Furosemide

Mechanism of Action

Furosemide directly Inhibits the Na+/K+/2Cl- cotransporter within the thick ascending limb of the Loop of Henle (responsible for sodium permeability)
Approximately 20-25% of filtered NaCl is reabsorbed by Loop of Henle
The ascending limb of Loop of Henle is water impermeable and sodium permeable and is key to creating a hypertonic medullary interstitium required for water reabsorption
Furosemide disrupts the creation of the counter-current mechanism as sodium is retained within the lumen → therefore, an excessive amount of water is retained in the lumen with sodium and subsequently excreted
Potassium loss is accentuated due to increased volume flow through distal tubule and collecting duct
Loop diuretics also enhance production of prostaglandins → renal and venous dilation

Bioavailability (PO): 10-100%, average of 50%

Onset of action: 1-1.5 hours (PO), 5 minutes (IV)

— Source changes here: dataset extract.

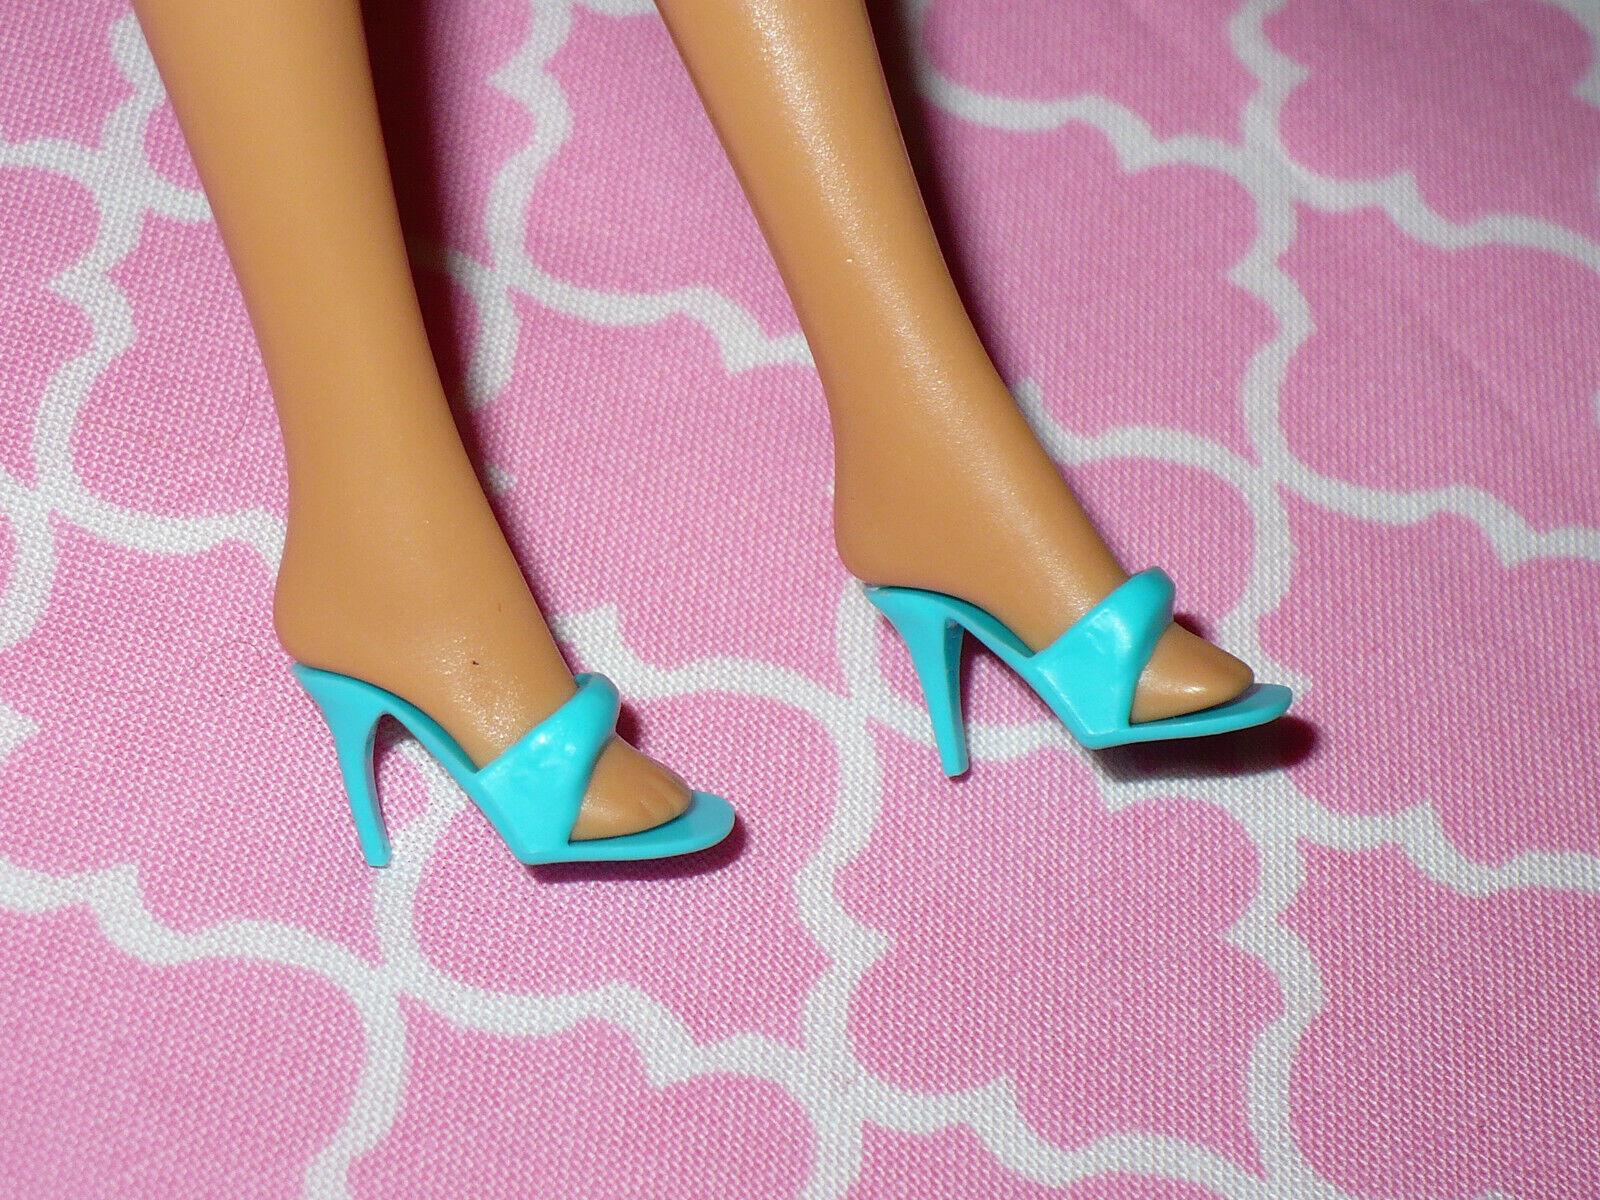 Mattel Barbie Doll Shoes Vintage TURQUOISE BLUE MULES SLIDES High Heel SANDALS - $15.99

Peak response: 2 hours (PO), 30 minutes (IV)

Duration of action: 4-6 hours (PO), 2 hours (IV)

Plasma half-life: 0.5-1 hours (normal renal function), 9 hours (ESRD)

Oral absorption is variable, the average bioavailability is 50% but ranges from 10-100%
Furosemide is highly albumin bound (>95%) so only trivial amounts are filtered
Enters lumen via active secretion by proximal tubule
50% of furosemide is metabolised by the kidney and 50% of furosemide is excreted unchanged
85% eliminated by kidney

The relationship of drug dose and response follows a sigmoid shape; there is a threshold dose for drug response to occur
In the case of furosemide, this relationship is patient specific given the variable bioavailability
Individuals achieve a ceiling dose at roughly IV 40mg corresponding to a excretion of 20-25% of filtered sodium (200-250mmol) in 3-4 litres of urine.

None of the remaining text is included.